A faithful copy of the data is what is wanted, minus any pictures.

[DATA]

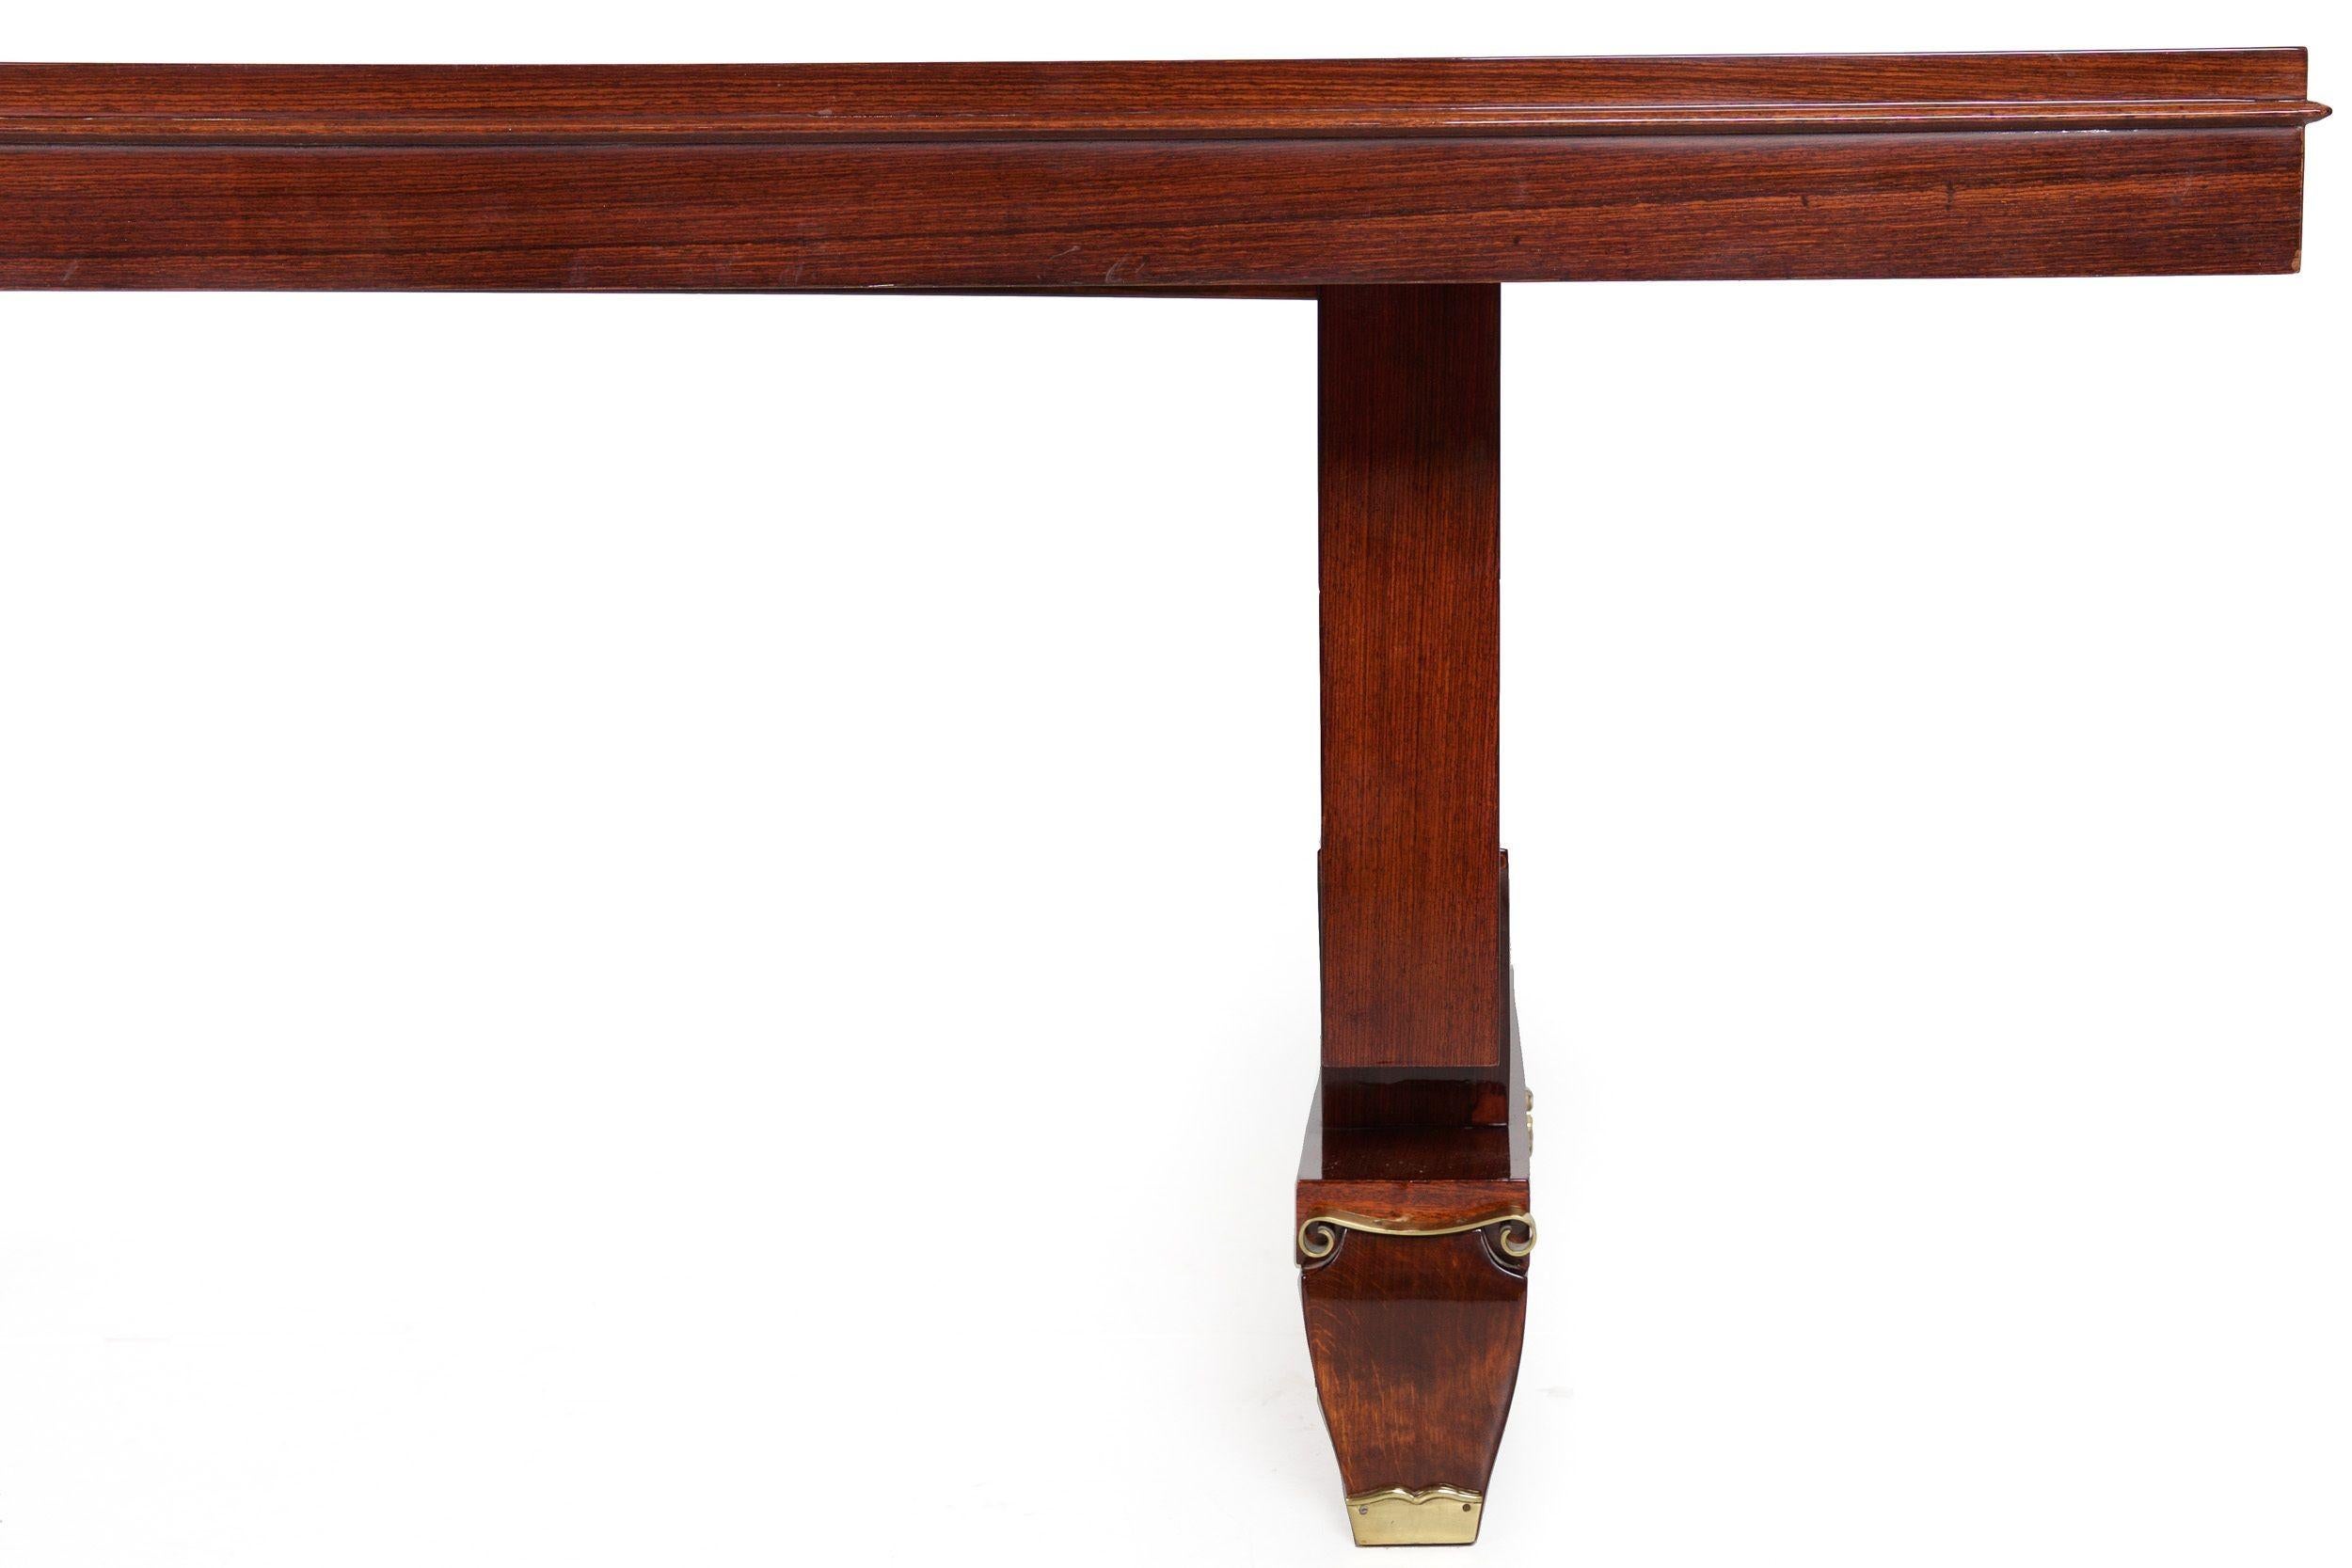 French Art Deco Inlaid Mother-of-Pearl Rosewood Dining Table, circa 1940s For Sale 1
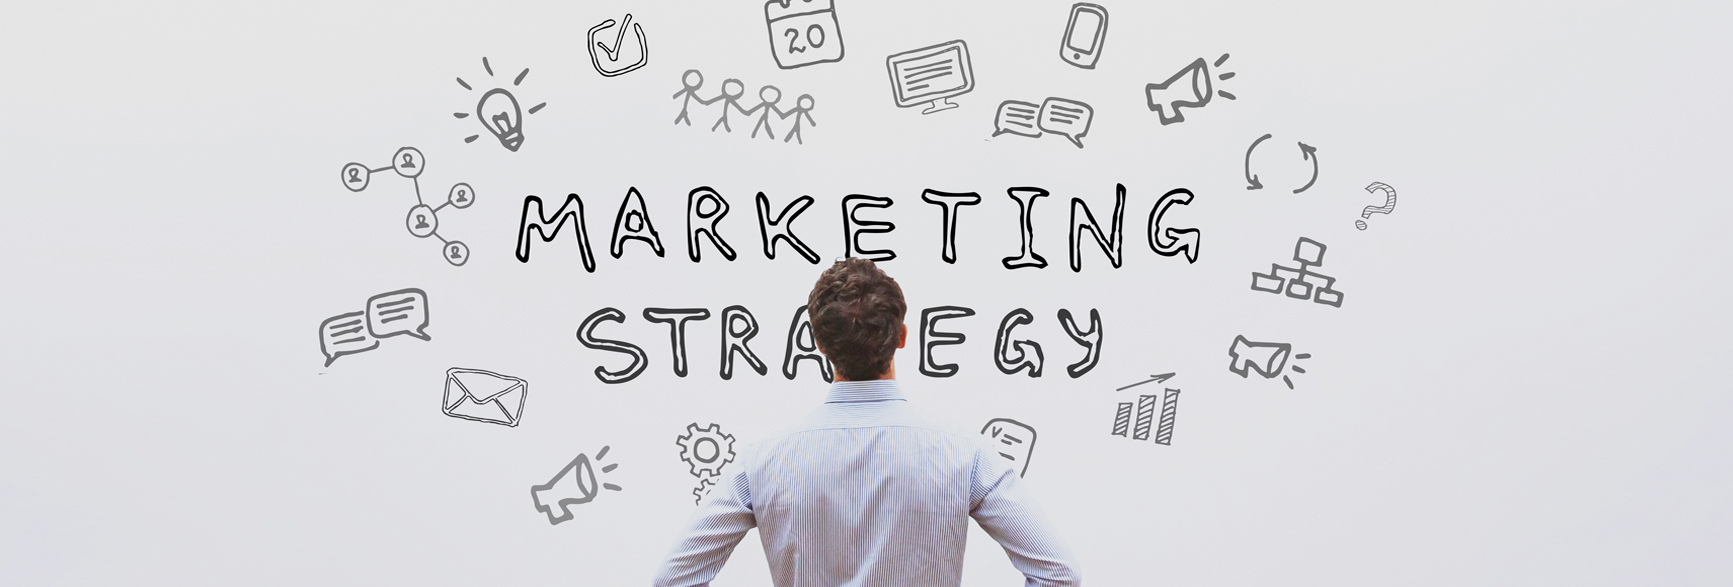 5 basic laws of marketing we should all be following
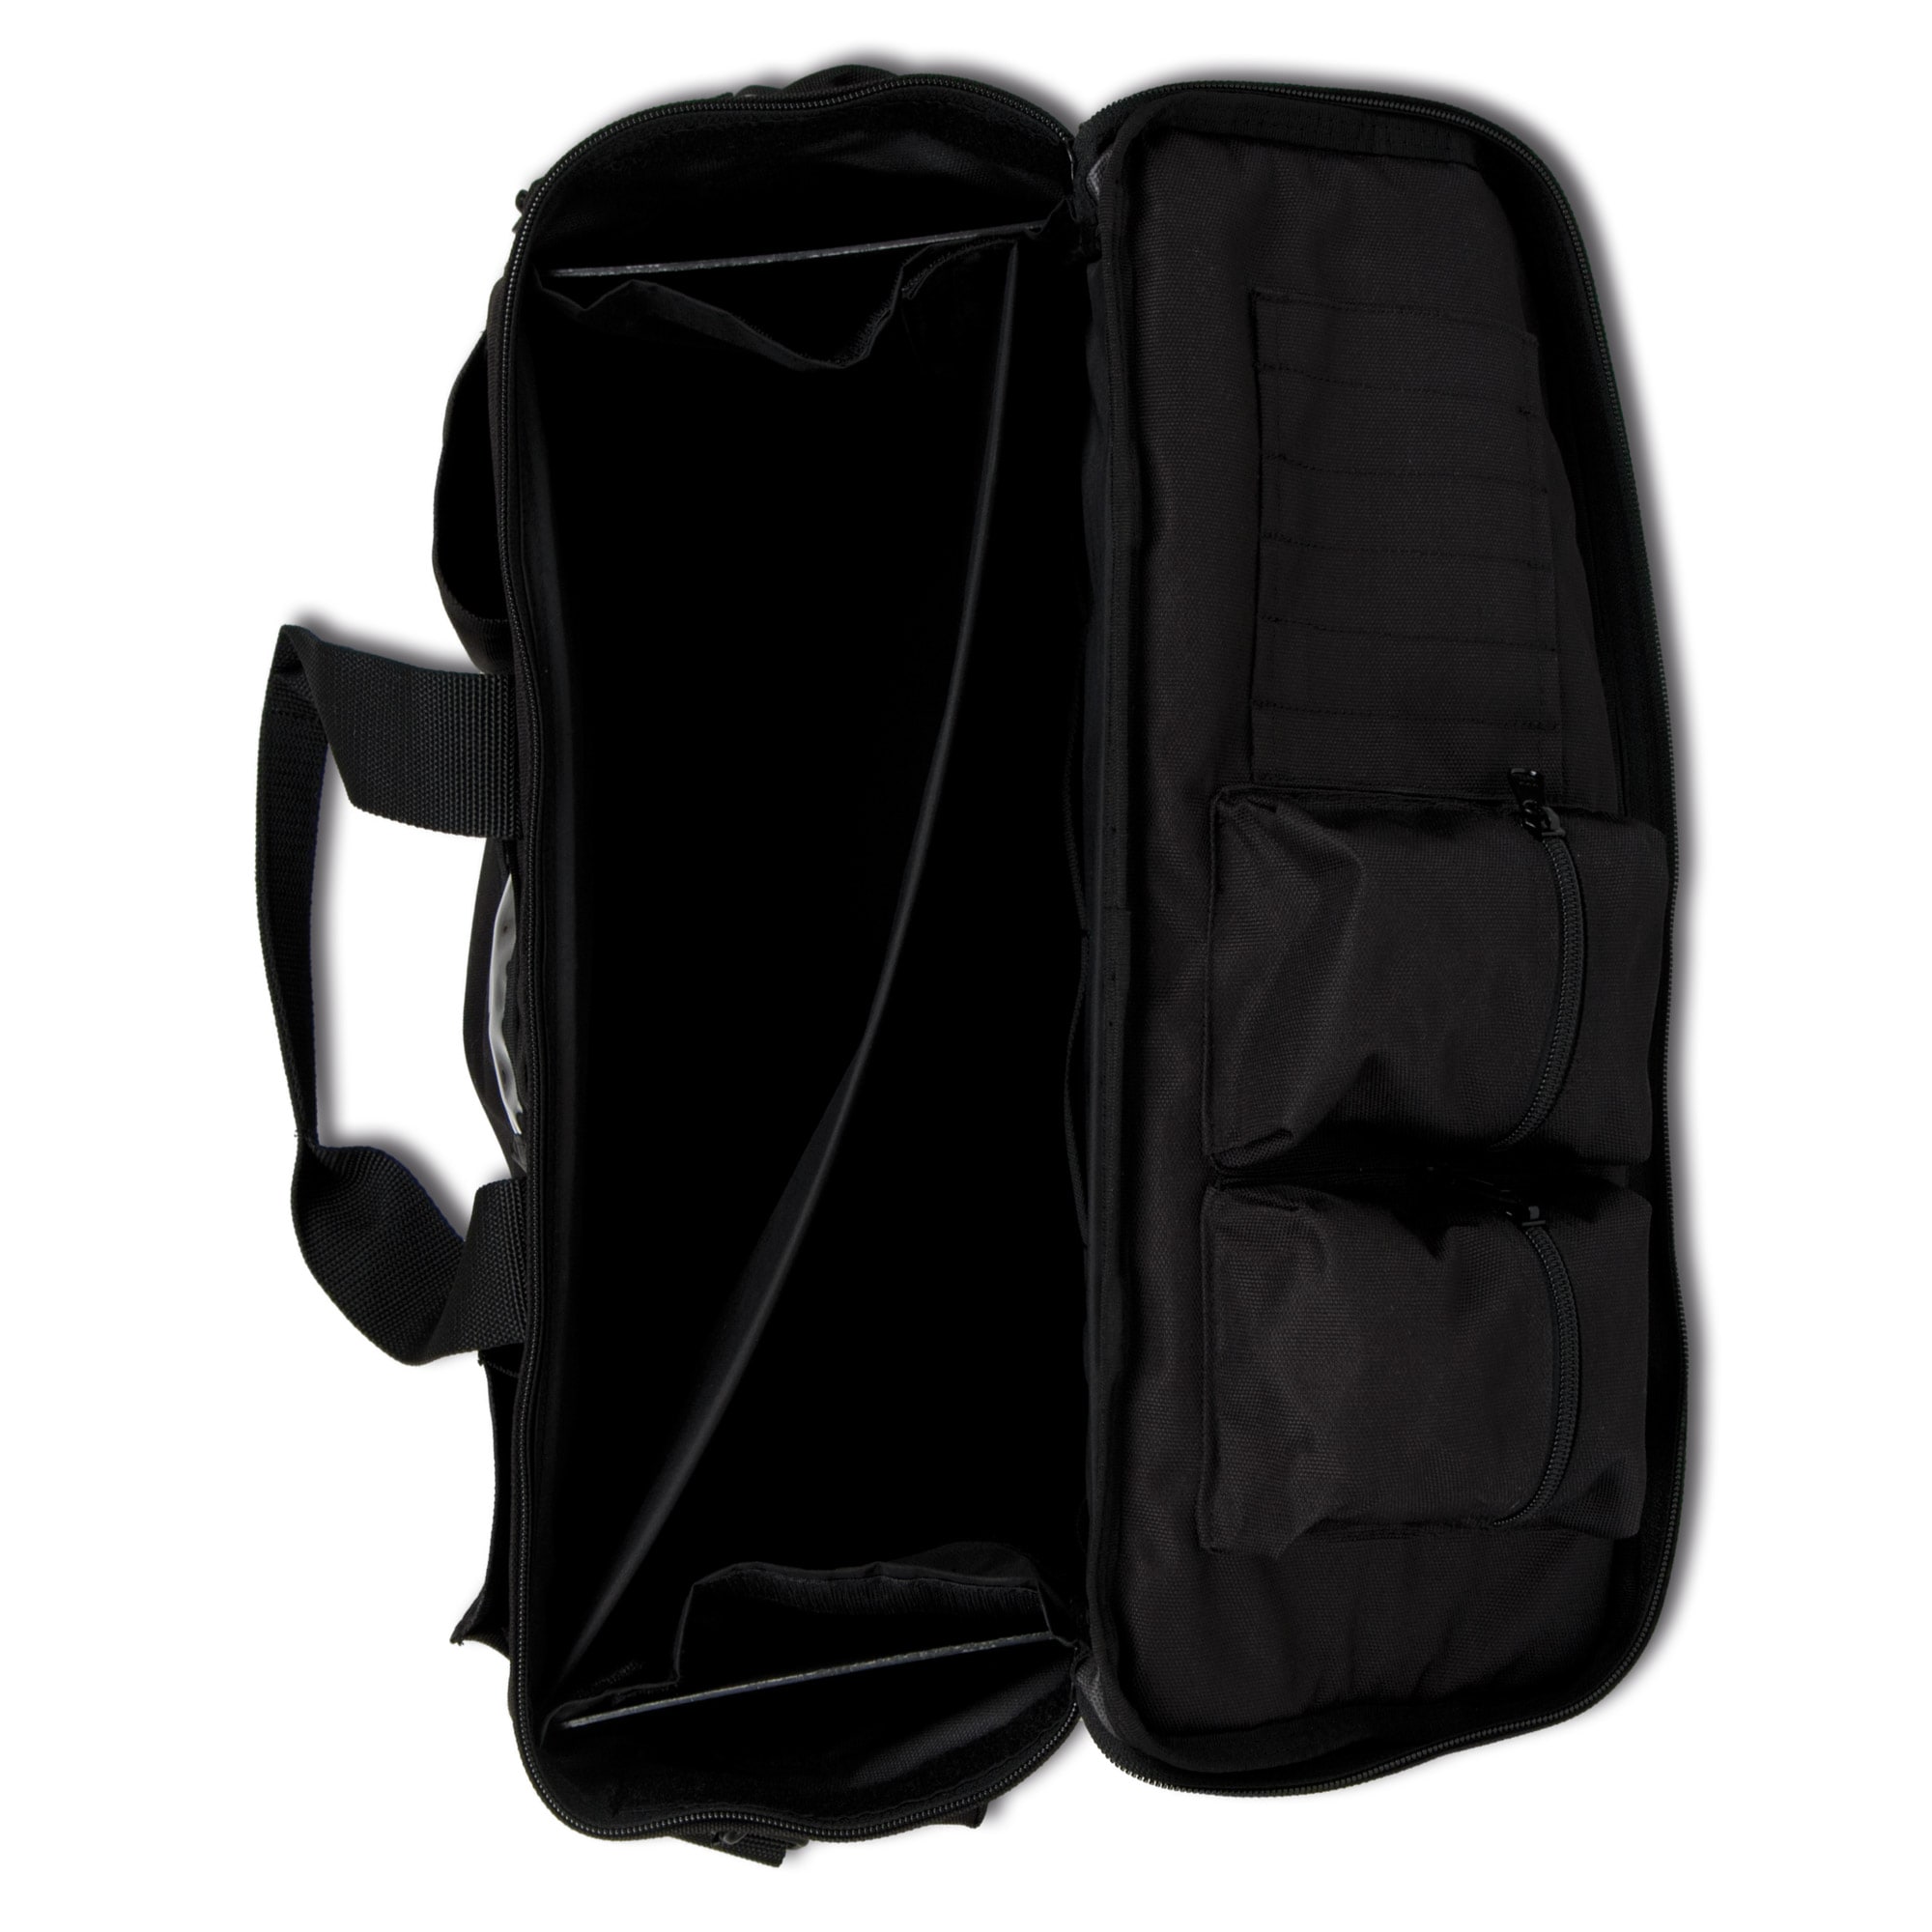 Purchase the Blackhawk Police Equipment Bag by ASMC

[/DATA]

* [TASK RESPONSE]
 French Art Deco Inlaid Mother-of-Pearl Rosewood Dining Table, circa 1940s For Sale 1
 5 basic laws of marketing we should all be following
 Purchase the Blackhawk Police Equipment Bag by ASMC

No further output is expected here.